La coalition Solidarité avec les personnes arrêté(e)s du G20 a pressé Québec d’intervenir dans la demande d’enquête publique sur les méthodes employées par la police lors des sommets de juin. «Je pense que M. Charest devrait agir, au moins pour démontrer que ce ne serait pas accepté au Québec de bafouer les droits et libertés civiles de cette façon», s’est révolté Mario Beaulieu, président de la Société Saint-Jean-Baptiste (SSJB).

La réponse de Québec n’a pas tardé. «Le gouvernement  n’a pas l’intention d’intervenir de quelque façon que ce soit», a soutenu Pascal D’Astous, un porte-parole du gouvernement provincial. M. D’Astous confirme d’autre part que les arrestations survenues à l’occasion du G20 ne demandent aucune intervention du gouvernement Charest, notamment parce que les événements n’ont pas eu lieu dans la Belle Province.

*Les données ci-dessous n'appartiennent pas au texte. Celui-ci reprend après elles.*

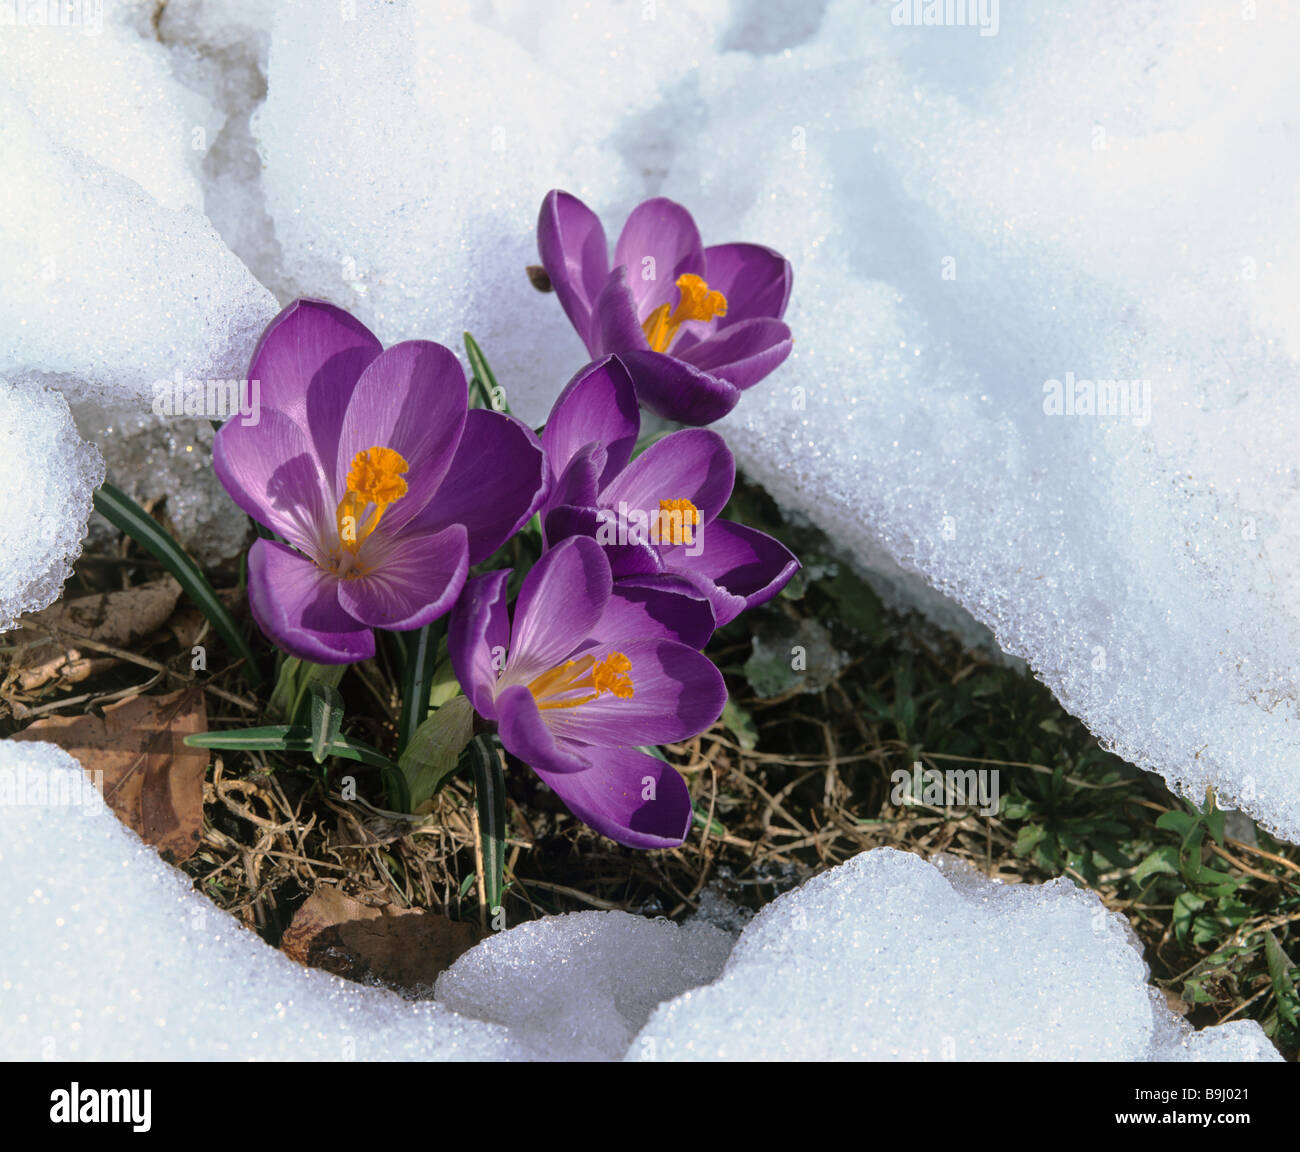 Blühende Krokusse (Crocus), Frühling, Schnee schmelzen Stockfoto

Différents organismes de-mandent au gouvernement Harper de tenir une enquête publique sur les moyens utilisés par la police de Toronto lors du G8 et du G20. Des organisations québécoises, telles que la SSJB et le Mouvement pacifique pour l’indépendance du Québec ont créé une coalition Solidarité pour soutenir les personnes arrêtées.

De nombreux manifestants aux sommets de juin ont déclaré avoir subi de mauvais traitements lors de leur arrestation et de leur détention. «Je me demande jusqu’où vont aller les policiers quand surviendra le prochain événement similaire au Canada», s’est interrogée France Kirouette, une manifestante qui a été détenue plus de 60 heures.